A code issue with a network interface driver caused intermittent packet loss to occur under certain conditions. As load increased, this resulted in latency and some loss of availability for infrastructure that hosts Office 365 portal services. “

Microsoft says that the incident was isolated to a portion of the Azure storage infrastructure used by Office 365 for its portal services. A networking glitch caused packets to drop and caused part of the Azure Storage service to be unable to respond to some requests. As soon as the issue was identified, portal traffic was rerouted elsewhere to resolve the issue. The packet loss resulted in some performance issues for administrators too.

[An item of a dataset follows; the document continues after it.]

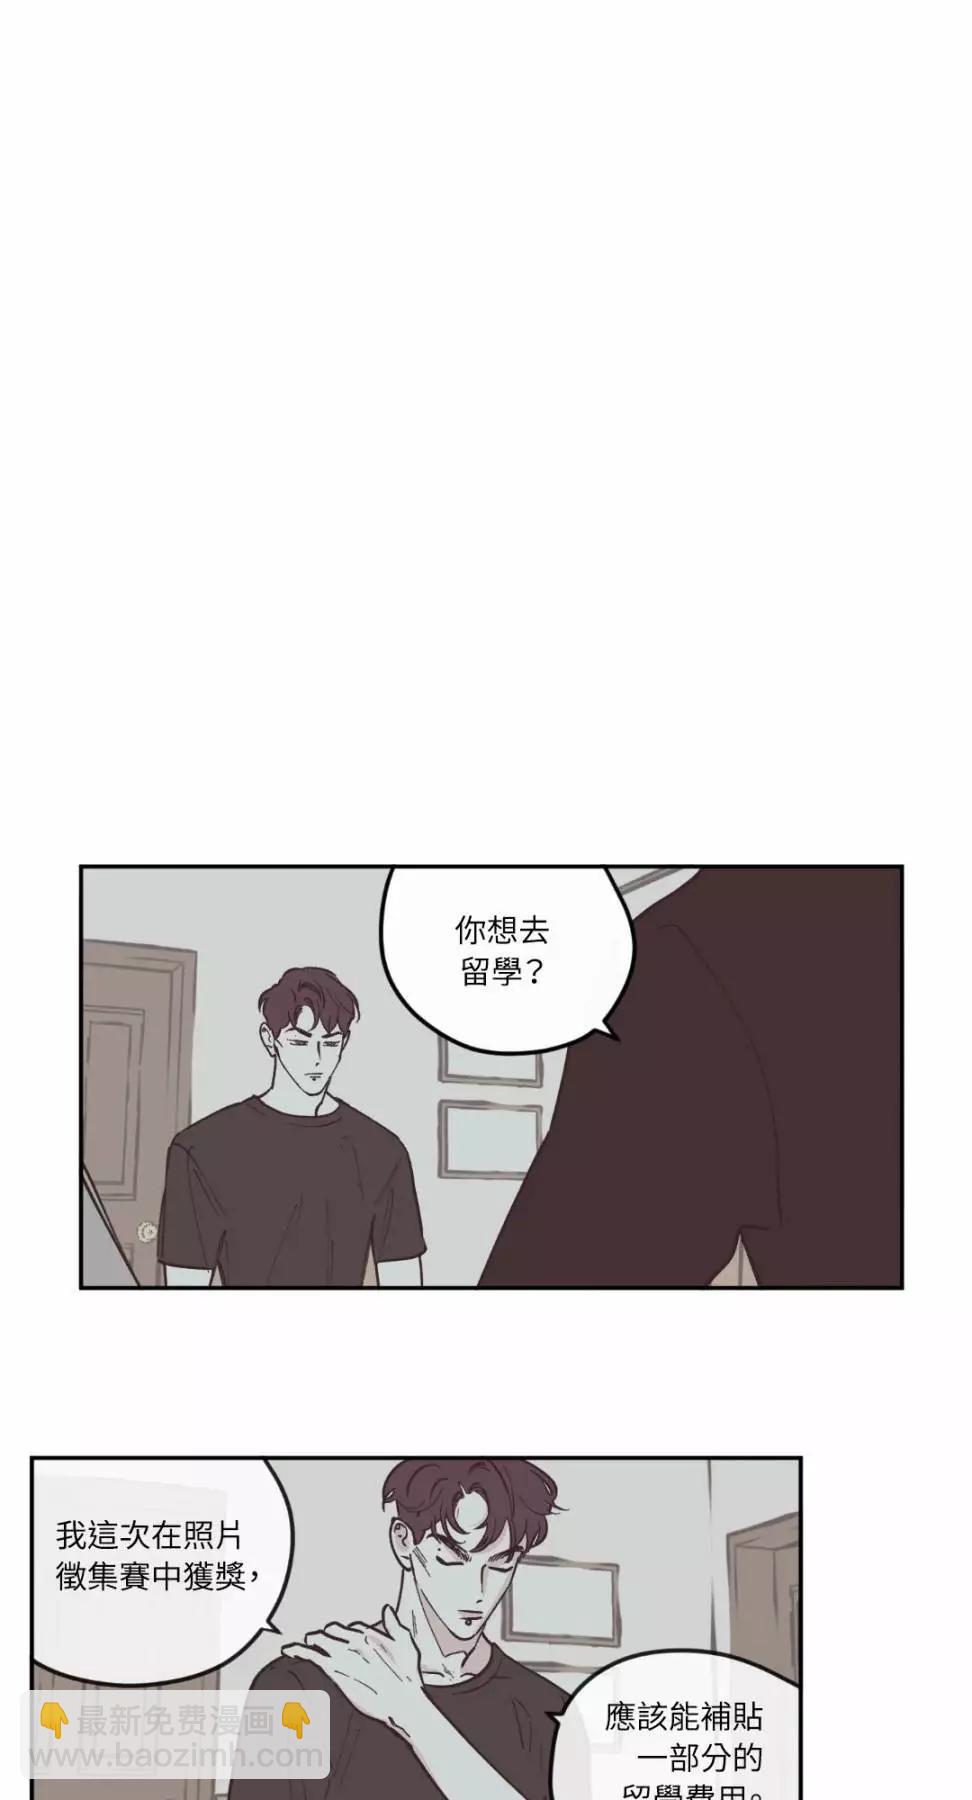 Clean Up百分百 - 第56话 - 4

So what really happened is that neither AAD nor Office 365 caused the problem, but connections to Office 365 were affected by the packet loss in a component belonging to another part of Microsoft’s overall cloud infrastructure.

Another issue revealed by the PIR is an admittance that the Office 365 SHD was slow to report the problem. Customers reported the problem before Microsoft engineers determined that something was wrong and should therefore be flagged through the SHD. Microsoft is reviewing the Office 365 monitoring infrastructure to improve its ability to pick up future problems of this nature.

As noted in my previous post, the SHD does an acceptable job of advising tenant administrators when something has gone wrong. Microsoft has accepted that fact. It’s inevitable that time will elapse between a problem showing up and an investigation concluding that some engineering work is required to address it. You don’t want a lot of noise showing up in the SHD caused by events that might or might not be real problems. Even the most skilled troubleshooters have to follow a certain routine to review symptoms and other data before they can figure out where the root cause might lie. However, it seems that Microsoft could be faster to let people know what’s going on.

Perhaps it’s a natural unwillingness to tarnish the good name of their cloud services that makes Microsoft slow to acknowledge problems. You can defend this stance because some problems are intermittent, specific to a certain tenant, disappear on their own, or in the process of being fixed. Listing every incident on the SHD without applying a qualitative filter might induce a certain panic in more nervous administrators.

Of course, tenant administrators can deploy monitoring software to measure the real-time service delivered to their users. These solutions won’t show up what Microsoft is doing within their datacenters, but they at least inform when something is not working as it should be so that users (or even administrators) can be calmed and the issue reported. That’s better than floundering in a state of ignorance, which seems to be the modus operandi of the SHD at times.